Сексуально озабоченным я был признан уже в возрасте пяти лет, когда однажды в душный день подошел к открытой двери ванной и увидел там моющуюся маму, которая тоже заметила меня и что-то ей поблазнилось в моих глазах будущего греховодника. Никакого Эдипова комплекса, мне было просто любопытно, но уже на следующий день меня опять потащили к невропатологу. Хотя, раздвигая еще шире веер воспоминаний, я вряд ли до школы разбирался в тонкостях отношений между мужчиной и женщиной. Помню, как мой отец, для которого однажды кончилось официозное время уезжать и наступило не менее официозное время возвращаться, в присутствии смеющейся мамы наказывает мне, чтобы я ни пускал ни одного мужчины в дом; "А если почтальон придет?" - серьезно спросил я, ибо еще долго "женское" будет заключено для меня в девочках-погодках; все остальное - за призрачной ширмой понимания и интереса. Хотя действительно буквально через несколько лет в мои сны стали просовываться тонкие девичьи руки, лобок с прорезью, расположенной почему горизонтально, мелькать растрепанные локоны и косички, пол заявит о своих правах; сквозь ребенка, ничего не знающего о себе, будет просвечивать мужчина, требующий удовлетворения плоти. Детский сексуальный сон трогателен: он ничем не кончается: девочкам снятся мужественные принцы, вносящие их в шелковый шатер на руках; либо мужичина - враг и насильник, который почему-то должен дать любовь. Но этим все и завершается. Обнаженные девические тельца спускались в мой сон, как снежинки в воду, и тут же таяли: я не знал, что с ними делать. Литературный пример - Дафнис и Хлоя: в жизни у них не получалось то, с чем просыпающийся пол не может справиться во сне; первой женщиной, которую я познал, стала такая же, как и я, девчонка с романтическим именем Анжелика. Ничем не прикрываясь, она повернула ко мне усталое лицо с зажатой между губ травинкой и посмотрела на меня женскими глазами. Внезапно мне стало стыдно за нее, за себя, за то, что был сейчас не с ней и "познавая" ее, смотрел (вернее подглядывал) за чужой любовью со стороны, и я кинул ей платье, чтобы она оделась; потом уже я понял, что если женщиной становятся сразу, то в мужчину превращаются постепенно. Но что же сейчас случилось с Викторией?
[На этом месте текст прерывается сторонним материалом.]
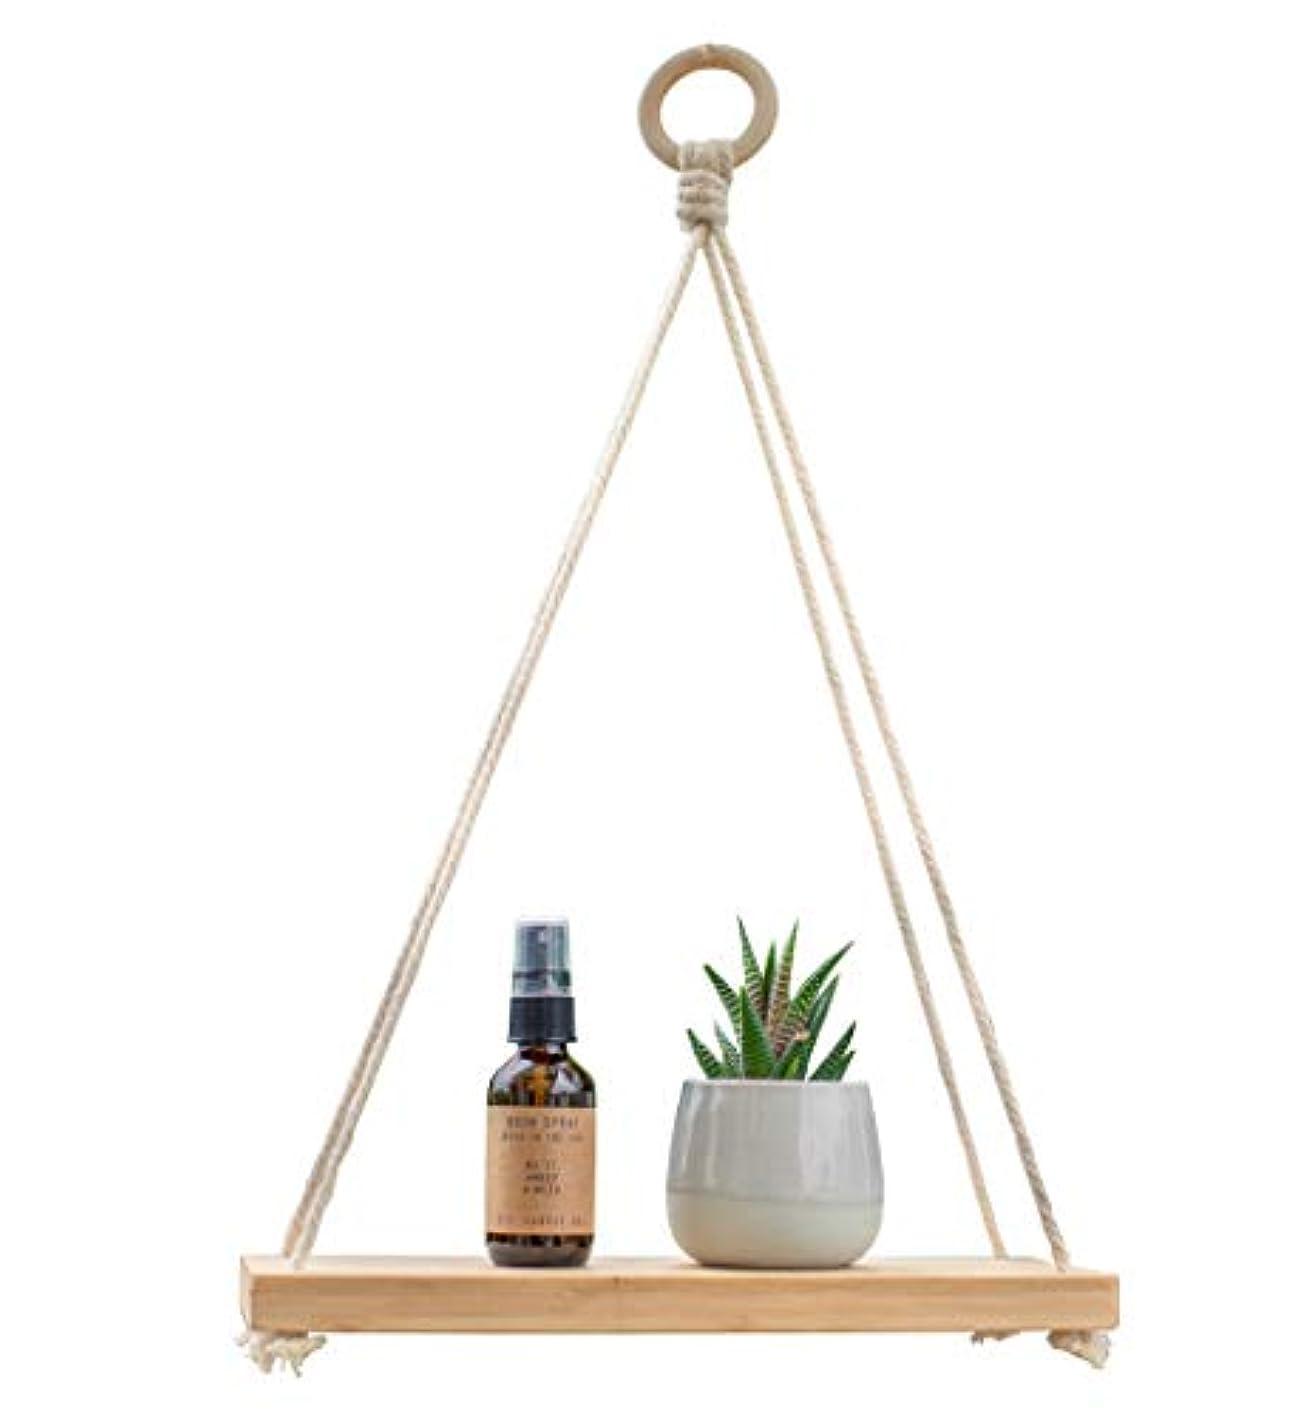 Macrame Pure Bamboo Hanging Plant Shelf Indoor Swing Rope Floating Shelf 12 Inches Eco Friendly

Я прислушался к рассыпчато угольной темноте и тишине, и неожиданно из дальнего от меня угла донеслись сдавленные, почти неосязаемые сырые всхлипыванья; мне вдруг стало страшно и я резко сел:
- Вика, это ты?
Темнота помолчала, скручиваясь вокруг меня густой спиралью, а затем откликнулась голосом Виктории, в котором, торопясь, пробегали искры слез, сдерживаемые вожжами нервов под уздцы:
- Что тебе, хороший мой?
- Вика, - начал я, не зная что сказать, и не придумав ничего умнее, спросил, - слушай, а что у вас здесь обозначается Коцитом?
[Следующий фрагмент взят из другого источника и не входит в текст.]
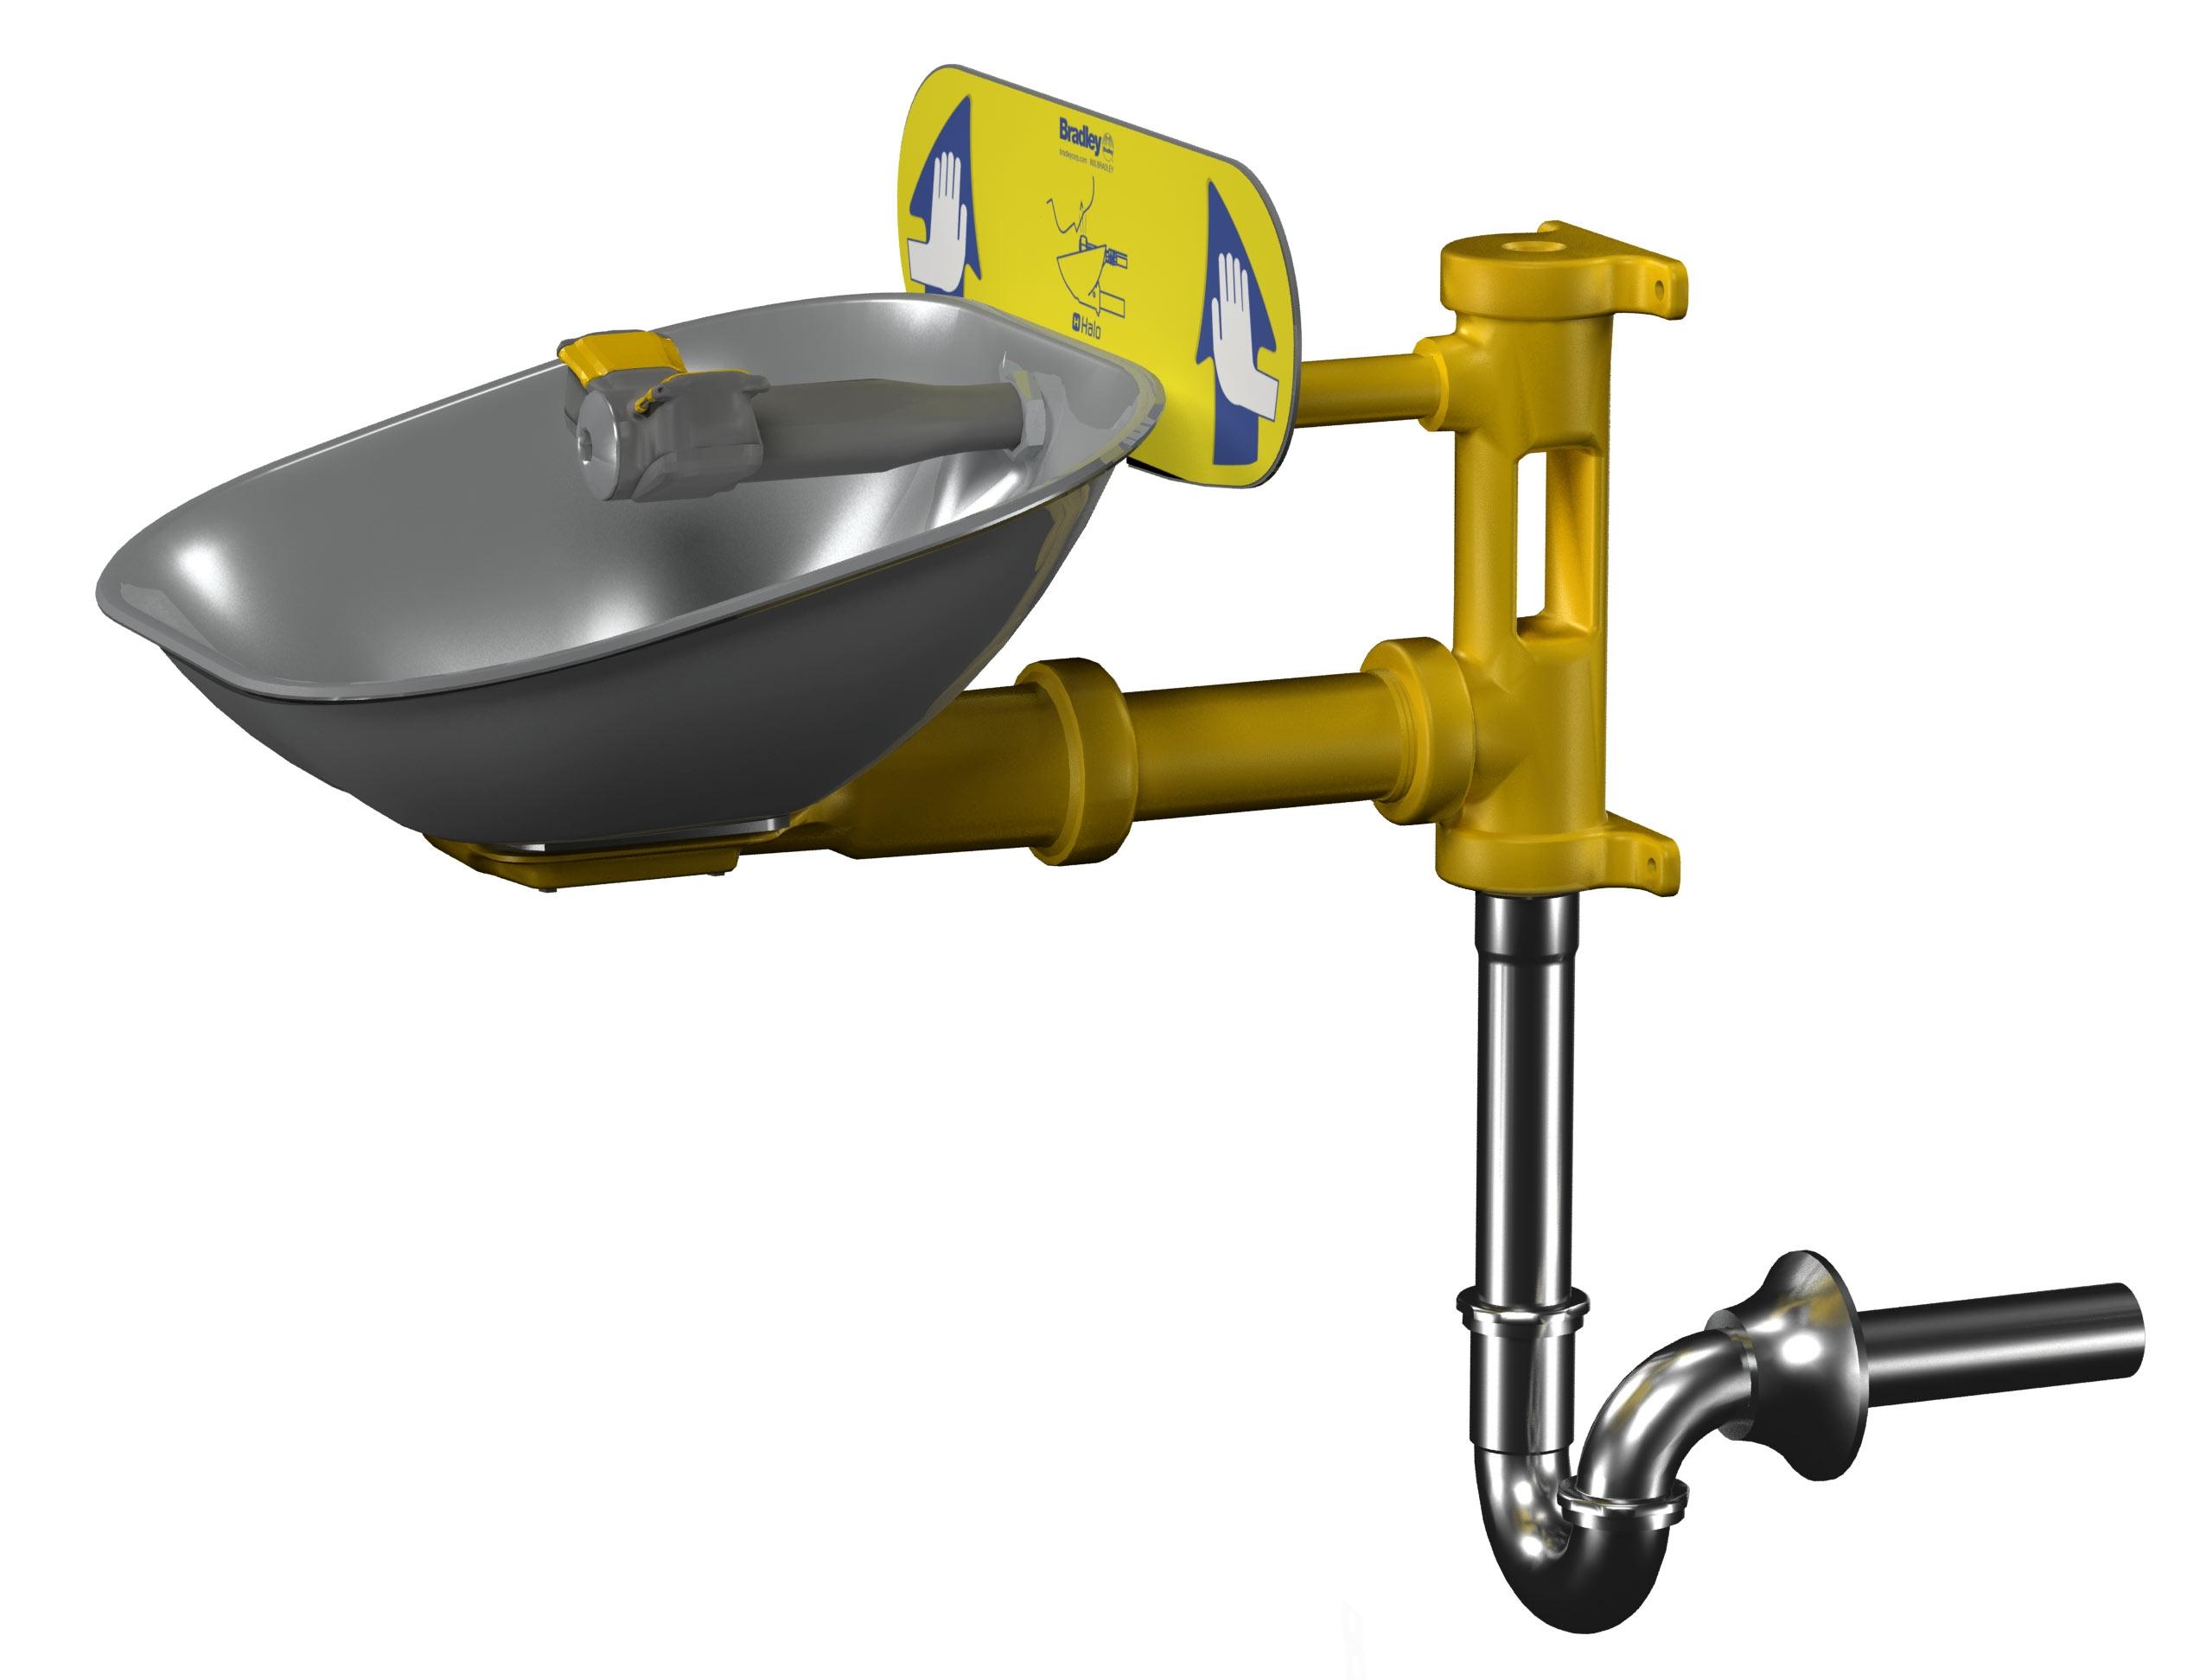 Ideas, bradley faucet mount eyewash station bradley faucet mount eyewash station eyewash stainless steel bowl tailpiece p trap bradley 2552 x 1944  .

- Коцит? - с удовлетворением услышал я, что в ее голосе все более затягиваются и высыхают слезные дорожки. - А как ты сам думаешь?
Не знаю… площадь вокруг Александрийского столпа, так?
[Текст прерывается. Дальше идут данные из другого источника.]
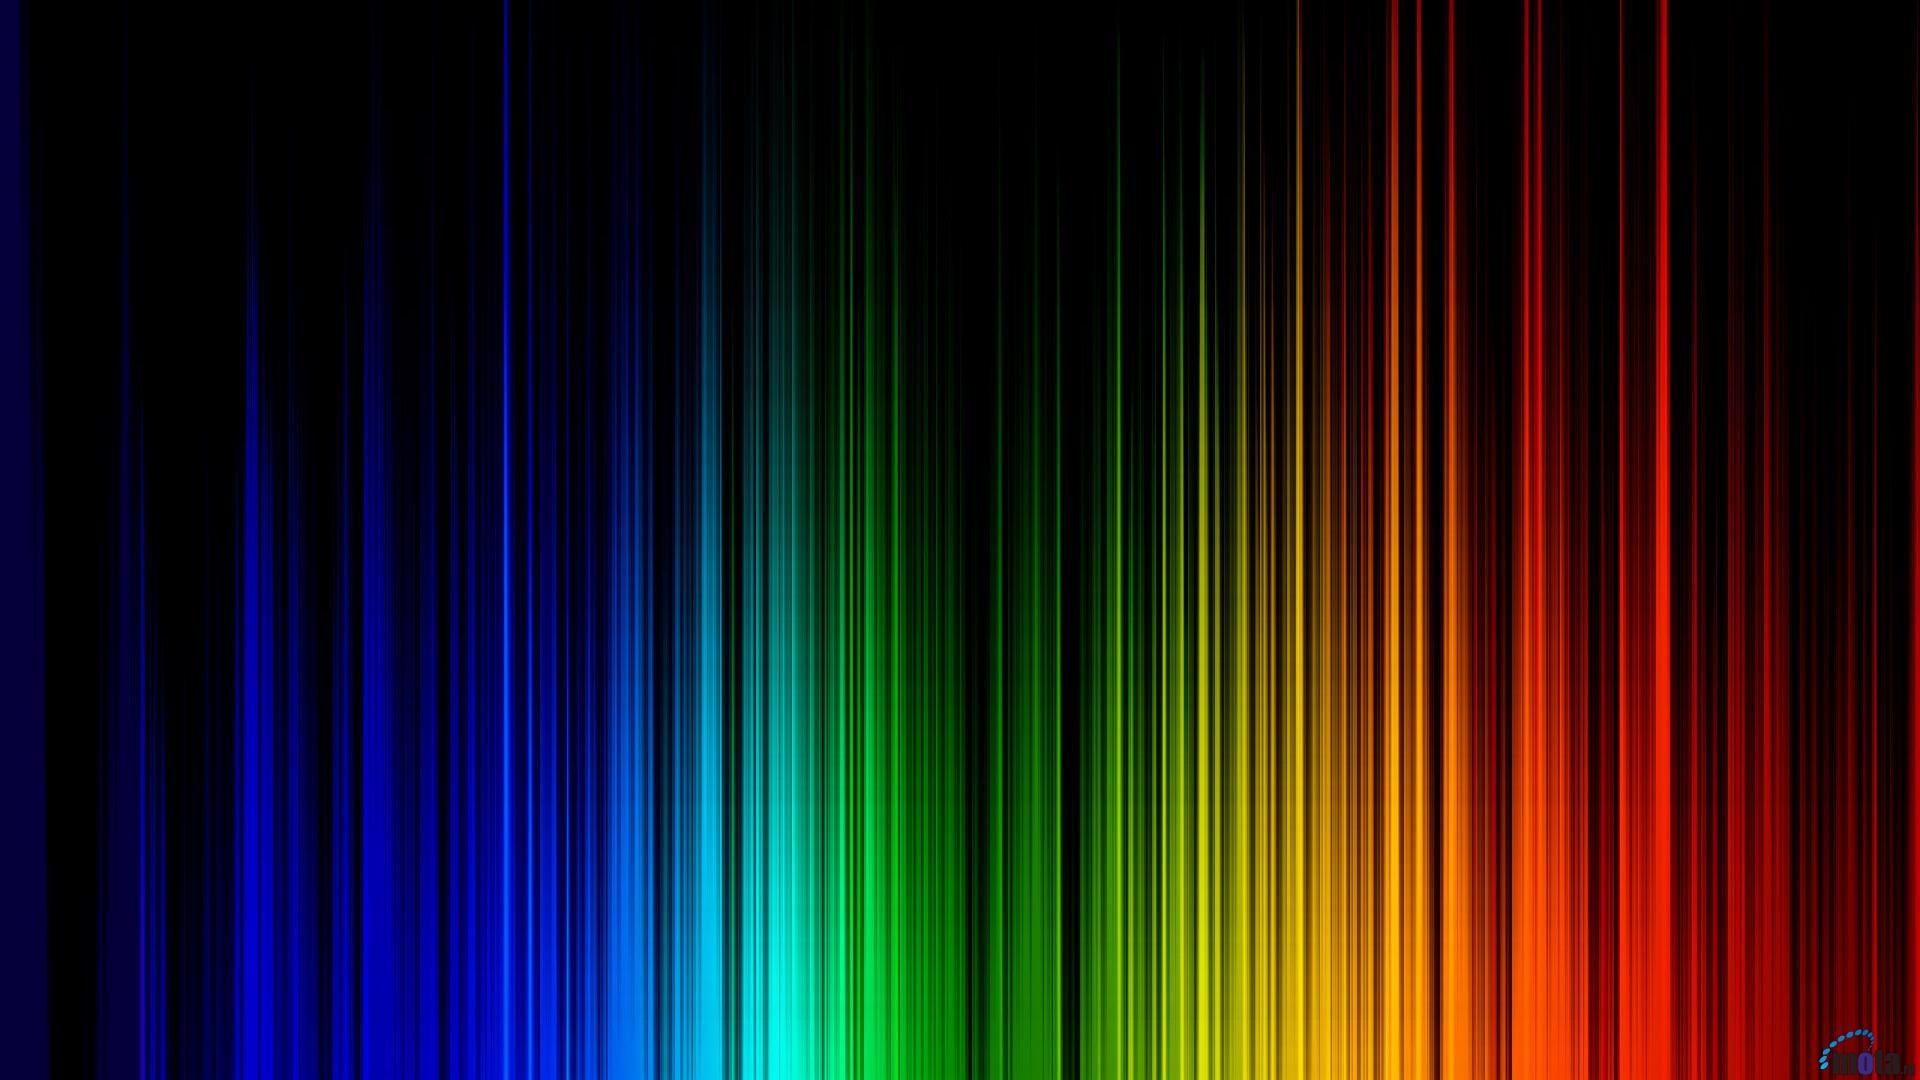 website colors neon : Rainbow Colors Background Wallpaper

- Видишь, какой ты у меня умный, ты угадал, - голос ее был спокойный и ровный, как снежная целина.
- Ты спать не хочешь? - напоследок спросил я, сам постепенно успокаиваясь.
- Мне еще на твоих волосинках погадать надо, что-то они у тебя чересчур белые, сама не пойму, не волнуйся, спи, тебе скоро вставать.
- Ладно, - согласился я, действительно ощутив двойную тяжесть век на полузакрытых глазах и сознание, которое все более засасывалось трясиной тревожного сна, и опустился на подушки.
Однако сон, чей приход, казалось, был близок, как кончик моего носа, все-таки не приходил. Лежал, нажимая на различные клавиши воспоминаний, пытаясь утомить себя ими и заманить дремоту, но ничего не выходило. Неожиданно для себя стал думать о том, что некогда, в земном пределе, занимало меня более других тем на свете - о своей смерти. Ха, она оказалась совсем не такой страшной, как я представлял…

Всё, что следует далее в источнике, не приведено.